7. Set hours of work. If a worker must perform services during specified hours, he may be considered an employee.
8. Full-time work. A worker may be considered an employee if he must devote his full time to an engagement. The amount of work considered full-time varies with the nature of the occupation the worker is involved in and local custom.
9. Doing work on employer’s premises. If a worker uses an client company’s premises and office equipment to perform services, then he may be considered an employee, especially if the work could be performed equally well elsewhere.
10. Order or sequence set. If a worker must perform tasks in a specified way and follow proscribed routines and schedules, he may be considered an employee.
11. Oral or written reports. If a client company requires a worker to submit regular status reports, the worker may be considered an employee.
12. Payment by hour, week, or month. An employer-employee relationship may exist when a client pays a worker at regular intervals.
13. Payment for business and traveling expenses. Reimbursing a worker for his traveling or business expenses suggests an employee relationship.
14. Furnishing tools and materials. If a client company furnishes a worker with tools and materials needed to complete an engagement, then it may be considered the worker’s employer.
15. Significant investment. The less a worker has invested in the facilities or equipment that he uses to perform his services, the stronger the evidence that he is an employee.
16. Realization of profit or loss. A worker who earns income from a client company at a fixed rate, and without risk of loss, is more likely to be considered an employee.

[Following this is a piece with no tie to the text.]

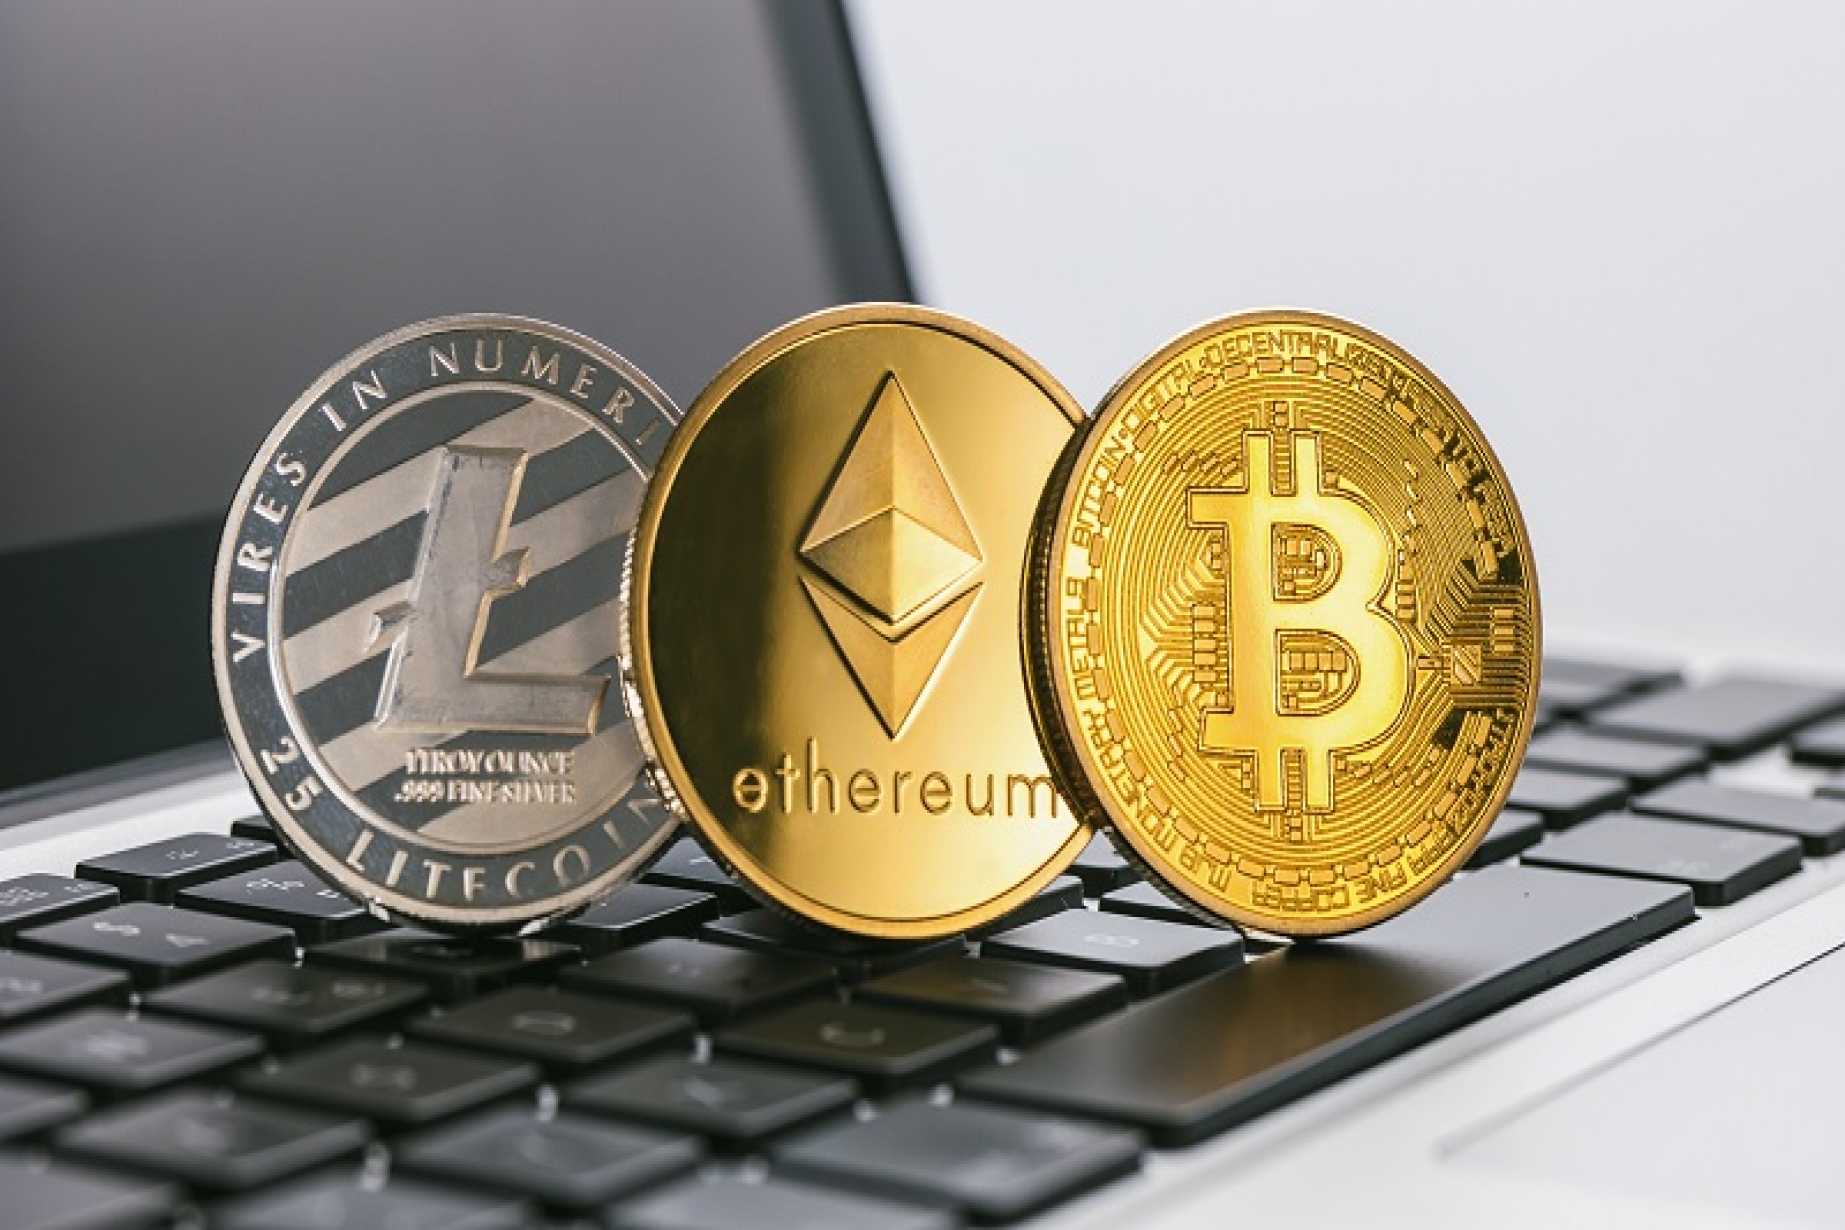 How to Buy Ethereum: a Guide on How and Where to Buy Ethereum

17. Working for more than one firm at a time. If a worker performs services for only one client company at a time, he may be considered an employee.
18. Making services available to the general public. A worker who does not offer his services to the general public may show evidence that he is an employee.
19. Right to discharge. A worker who can be discharged at any time for any reason — as opposed to when he breaches the terms of a contract — may be considered an employee.
20. Right to terminate. A worker who can terminate an engagement at any time for any reason — rather than at the completion of the engagement or upon breach of a contract term by the client — may be considered an employee.